Björn Hamberger: When science and art come together

June 19, 2019

Björn Hamberger is an assistant professor in the Department of Biochemistry and Molecular Biology in the College of Natural Science.

The Science Gallery Detroit is the first U.S. representation of a global university-linked network dedicated to public outreach at the intersection of science and art. Exhibitions aim at 15- to 25-year-olds by bridging emerging scientific areas with design and technology.

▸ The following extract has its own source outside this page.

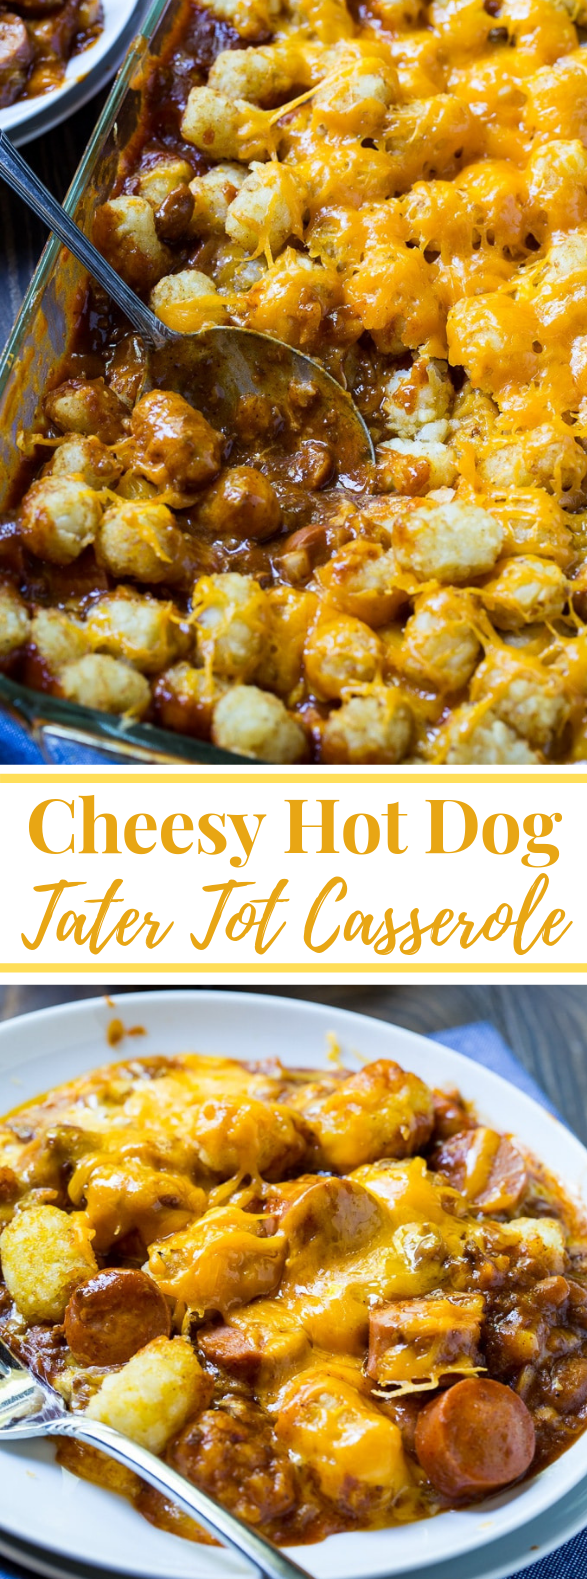 Cheesy Hot Dog Tater Tot Casserole #dinner #casserole

Our team met Mark Sullivan, creative director of the Science Gallery Detroit, for the first time in July last year to explore how we could connect. Our idea was centered on a vision to explain the importance of our research on plant synthetic biology to the public. The deadline for the open call for the Science Gallery Detroit exhibition “Depth” came really fast, and we realized that all our project ideas had been far too complicated to make a convincing pitch. 

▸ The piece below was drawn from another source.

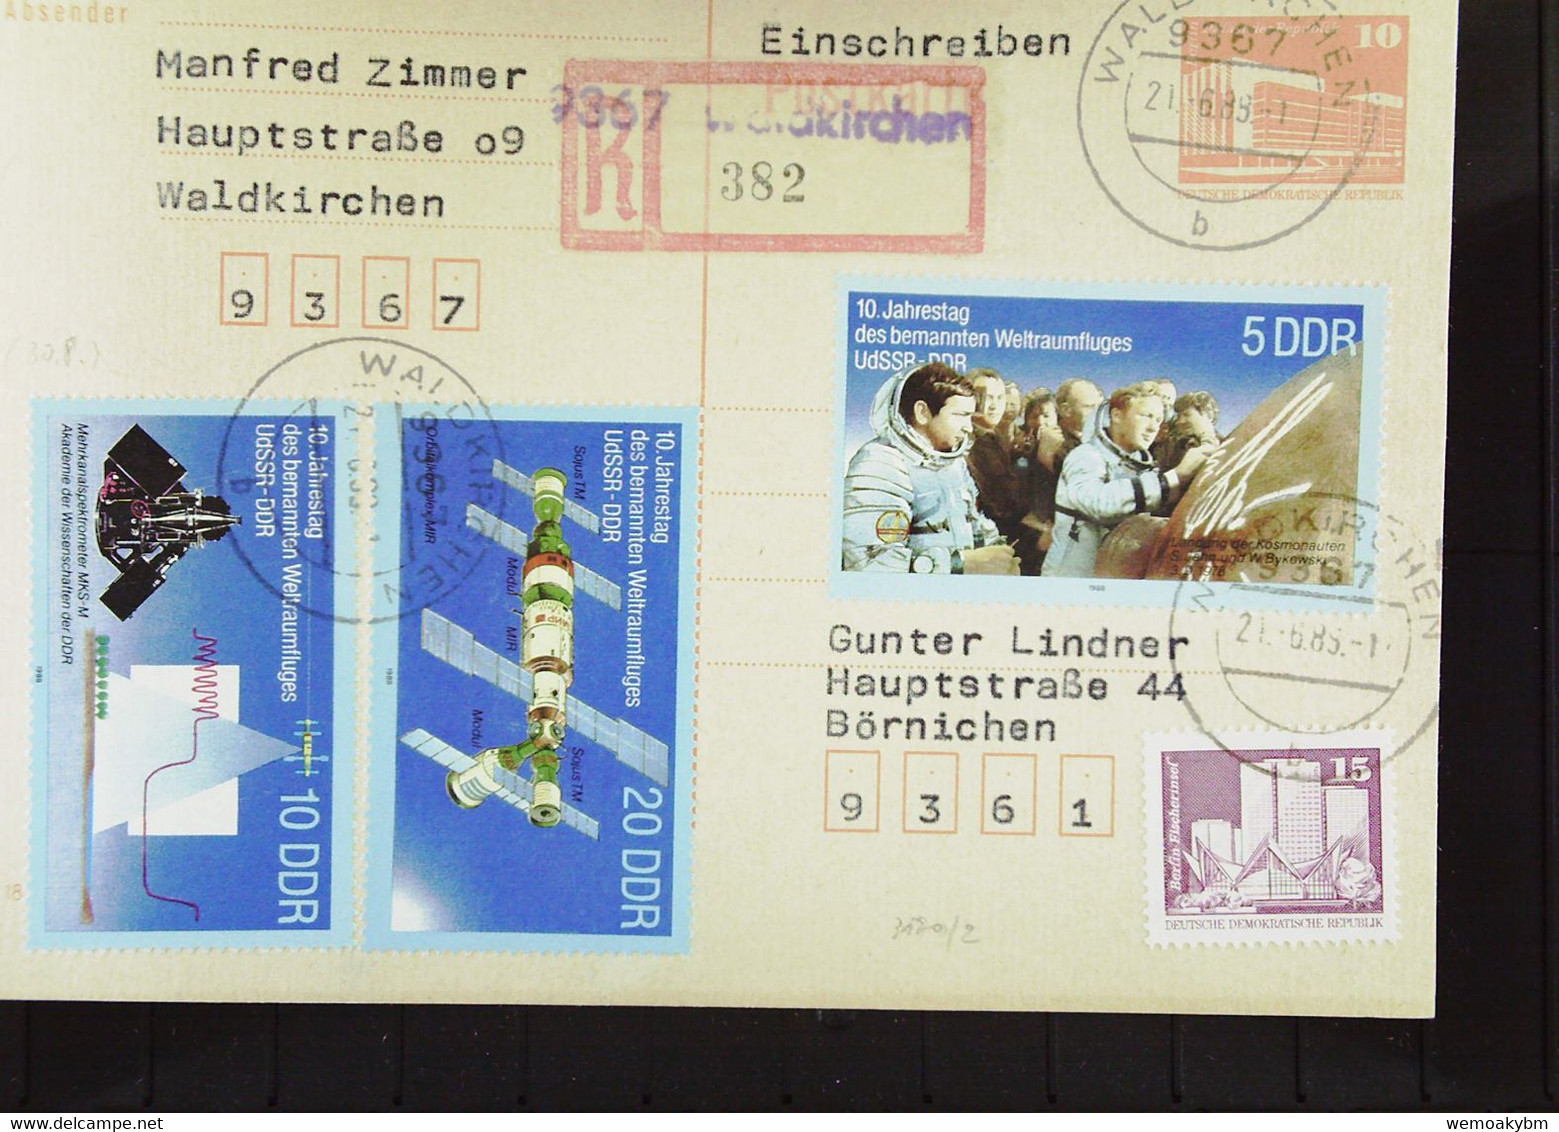 DDR: R-Ganzsachen-Karte Einschreiben Aus 9367 WALDKIRCHEN Mit Aushilfs-R-Zettel (382) Portogenau  21.6.88 Knr: 3190, GA - Etiquetas De Certificado

Retrospectively, this was a lucky moment; we were forced to reduce everything to a single concept, with different facets contributed through collaborations. We were enthusiastic when finally four diverse teams came together: Greg Bonito, an expert in (previously unrecognized wild) diversity in fungal species and fascinated by the capabilities of ancient lineage of fungi; Sarah Evans, who just reported on travelling microbial communities in coastal fog; Jj Kidder, audio artist with an exceptional talent to design and build synthesizer systems for transforming digital data into sound; and ours. With that, “Fog of Dawn” was born.

This experimental installation explores how fungal species (that live in close proximity with their plant hosts and provide them with nutrients) pulled off the ultimate coup, claiming a new habitat — the land. Both organisms still rely critically on the medium they came from with fungal spores hitching a ride in tiny water droplets for distribution and the moss still needing water for sexual reproduction.

The modern impact of the organisms goes far beyond terrestrialization — the colonization of the land by aquatic organisms — we showcase. Both are important for biotechnological applications in the field of synthetic biology, including potential for supporting life in deep space exploration and the use of such symbiotic systems in terraforming, the process of changing a planet's conditions to make it habitable for humans.

Walking into the exhibition on opening day and seeing how all exhibits came together was a goosebump moment. But meeting the team of mediators, who will guide visitors through the exhibition over the course of this summer, triggering questions and fostering discussions, revealed the last piece of the puzzle — how this new kind of exhibition works: immersion and interaction. And as for “Fog of Dawn” — I have never seen synthetic biology that tangible and approachable. 

“Fog of Dawn” is one of thirty installations from teams around the world and on display from June 8 to August 17 at the Michigan Science Center.

This installation is in part supported by the NSF Dimensions of Biodiversity project 'Phylogenetic and Functional Diversity of Tripartite Plant- Fungal-Bacterial Symbioses' and the Great Lakes Bioenergy Research Center.